(DATA RECORDS Opens)

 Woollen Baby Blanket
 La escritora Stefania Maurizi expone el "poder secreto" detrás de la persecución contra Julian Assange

(DATA RECORDS Closes)
(DATA RECORDS Opens)

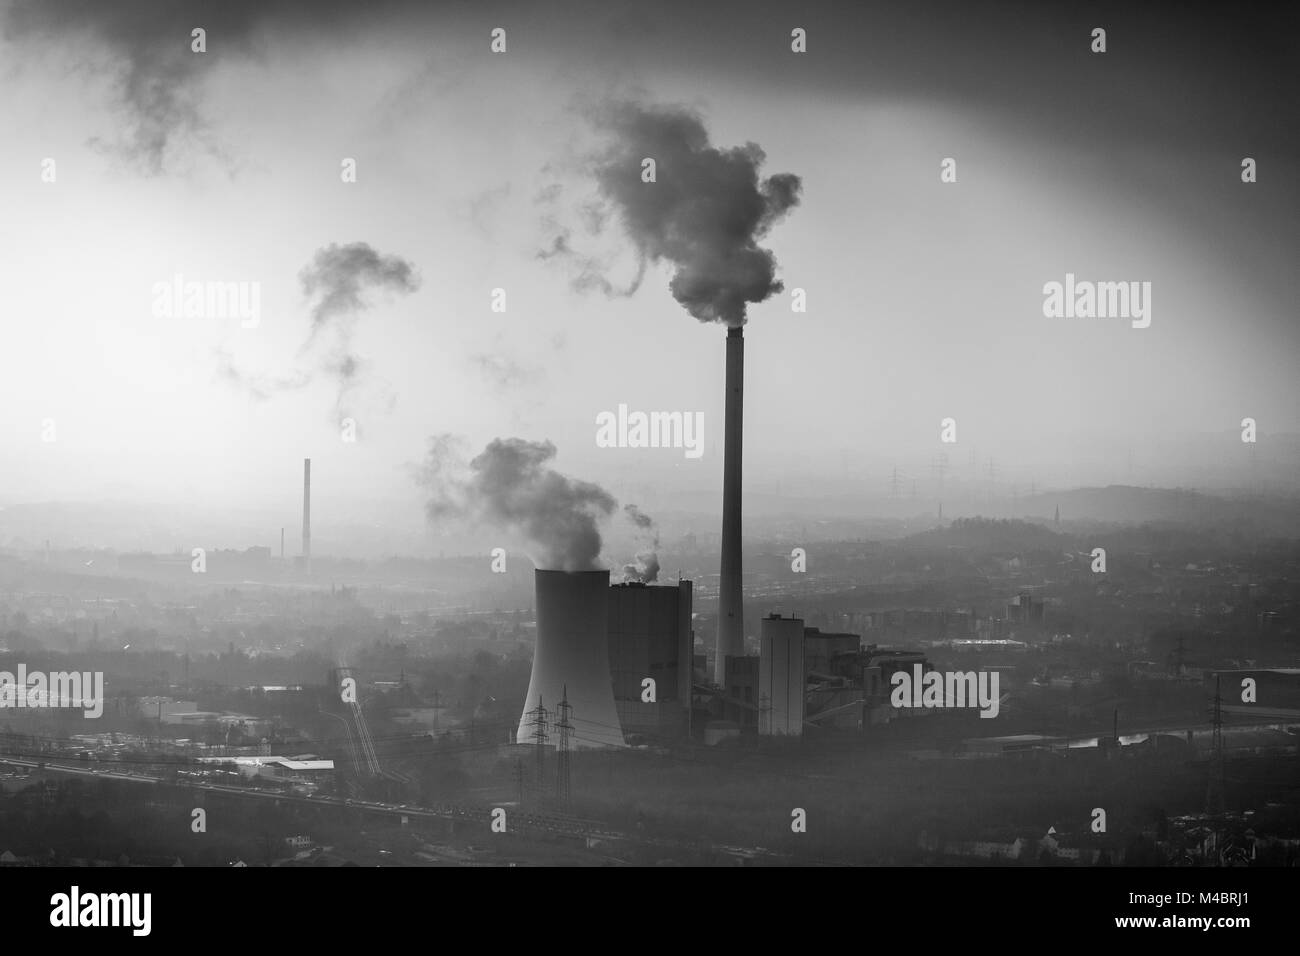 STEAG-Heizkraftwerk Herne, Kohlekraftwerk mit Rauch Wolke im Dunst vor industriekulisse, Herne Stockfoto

(DATA RECORDS Closes)
(DATA RECORDS Opens)

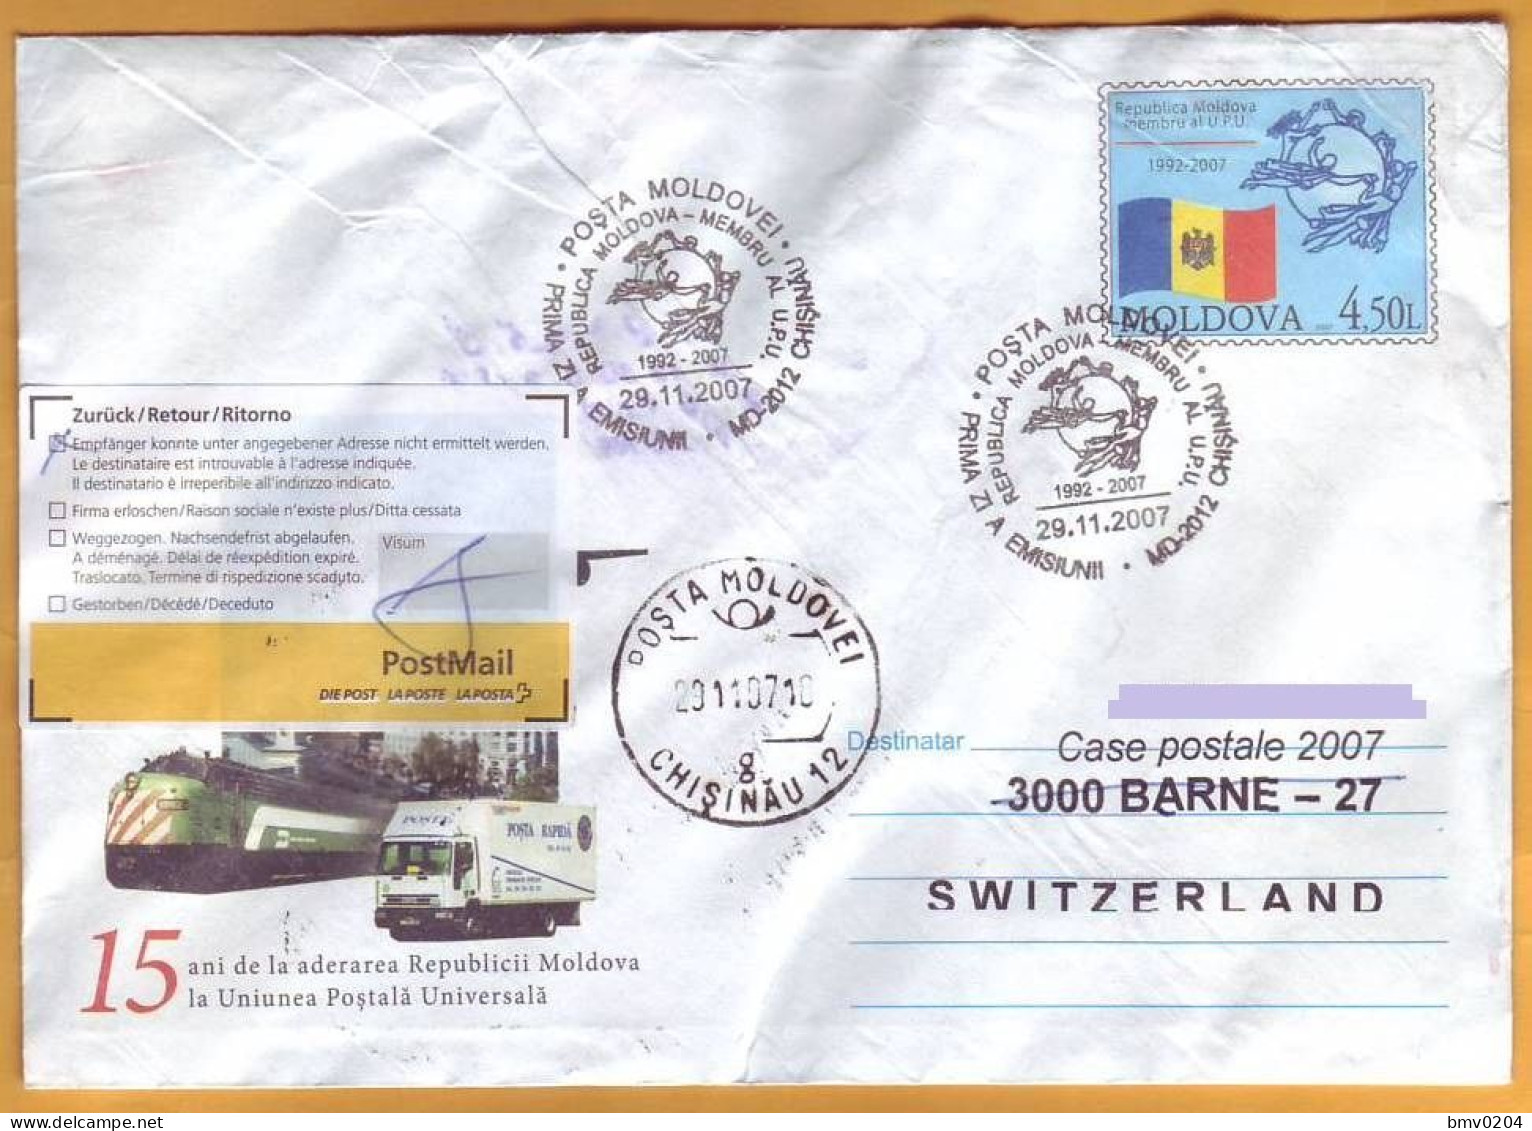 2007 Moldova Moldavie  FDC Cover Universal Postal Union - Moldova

(DATA RECORDS Closes)

WHAT YOU HAVE TO DO » Where the data above reaches the line holding "Woollen Baby Blanket", begin printing, and stop after the line holding "La escritora Stefania". Each line must be reproduced exactly, with nothing else added.

SOLVED PROBLEM »
 Woollen Baby Blanket
 La escritora Stefania Maurizi expone el "poder secreto" detrás de la persecución contra Julian Assange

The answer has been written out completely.